Extract text from pdf and reformat paragraphs

Hi List,

I am trying to extract the plain text of a pdf document using Automator’s Extract PDF Text and then clean the paragraph marks at the end of each line (except the ones near the period at the end of the paragraph) of the returned text to reformat the paragraphs, using a regex.

But, how can I call the Extract PDF Text application in a script?

Thanks for your input.

Michael

Hi Michael,

Skim, a free PDF viewer, might be of interest for you. It is scriptable and also features an AppleScript command to extract the text from certain PDF pages.

Here is an example:


tell application "Skim"
	open (POSIX file "/Users/martin/Desktop/example.pdf")
	tell document 1
		tell page 1
			set pdftext to get text for
		end tell
	end tell
end tell

You can get Skim here:
http://skim-app.sourceforge.net

Best regards,

Martin

Thanks Martin for your suggestion.

SKIM is actually a great application; works perfectly, in my case, and does so much more!

Michael

Is there a way to extract only specially formatted text from a pdf?
For example, extract all ‘bold’ words or all words in ‘italics’ from a given pdf .

thanks for the prompt reply.
error: Skim got an error: Can’t get every word of document 1 whose font contains “Italic”.

similar error for “bold” as well

Skim Version 1.1.12 (34)
Mac OS 10.5.6

I also made sure that the pdf contains proper text.

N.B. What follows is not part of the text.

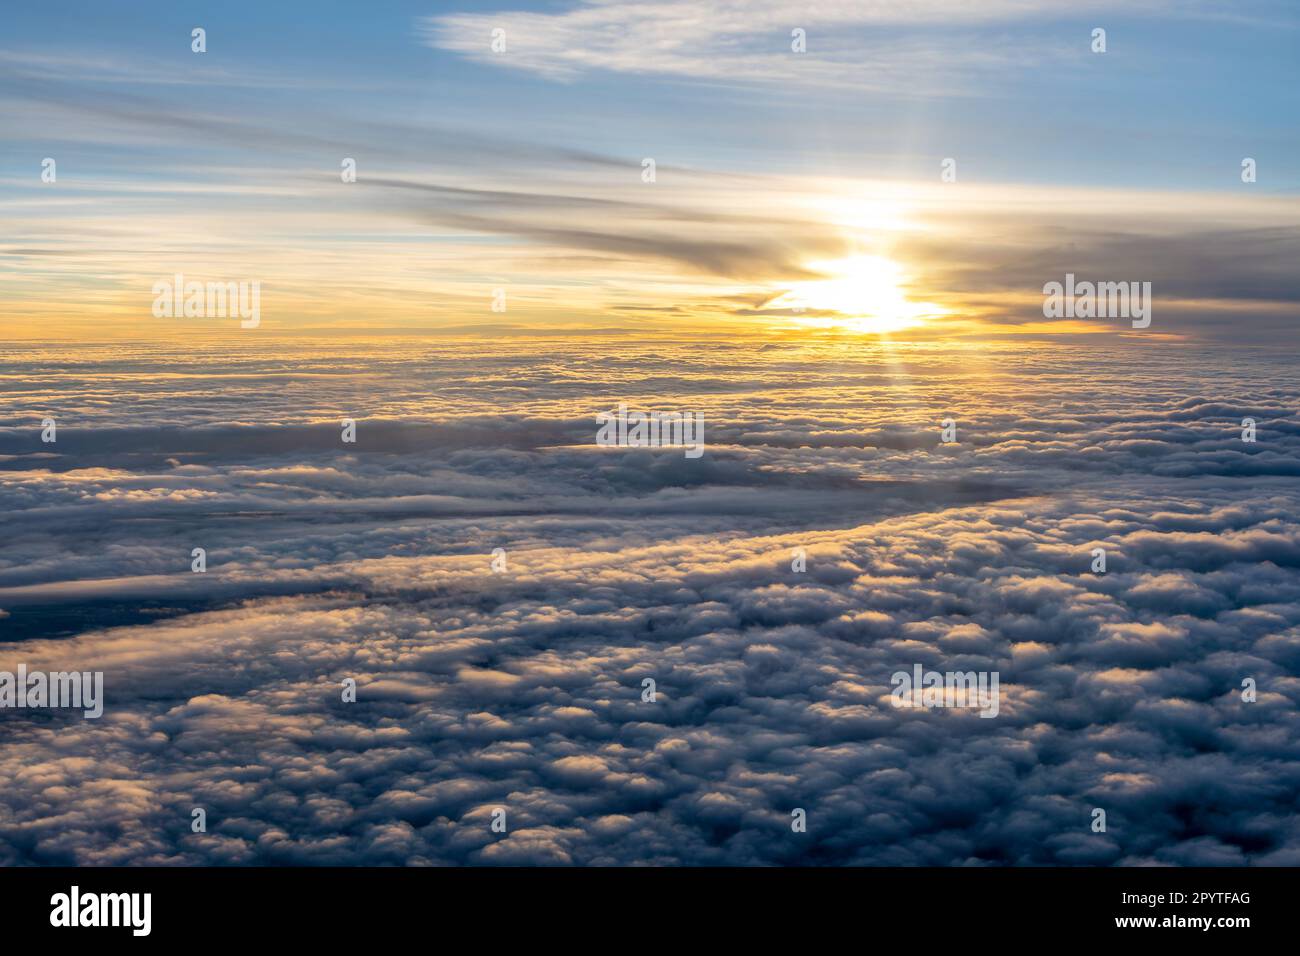 Soleil au-dessus d'une mer de nuages vus à travers la fenêtre de l'avion au coucher du soleil Banque D'Images

It is not an image or encrypted text

thanks, Jacques. It does not work on the version i used earlier but does work on the latest version. However, it extracts text (bold and italics) only from the first page of document 1.

sorry for my previous post. I referred the dictionary of Skim and it was not difficult to write a script to extract bold words from all pages.
This is the script that works:

tell application "Skim"
	tell document 1
	set bold_Word_list to words of every page whose its font contains "Bold"
			end tell
end tell

Suppose there are two or more consecutive bold words then they are displayed as separate words in the results which i get after running the script. I would want such consecutive words to be shown together as one word. Any ideas?

Is there a way to get the words that start with “A” as a list?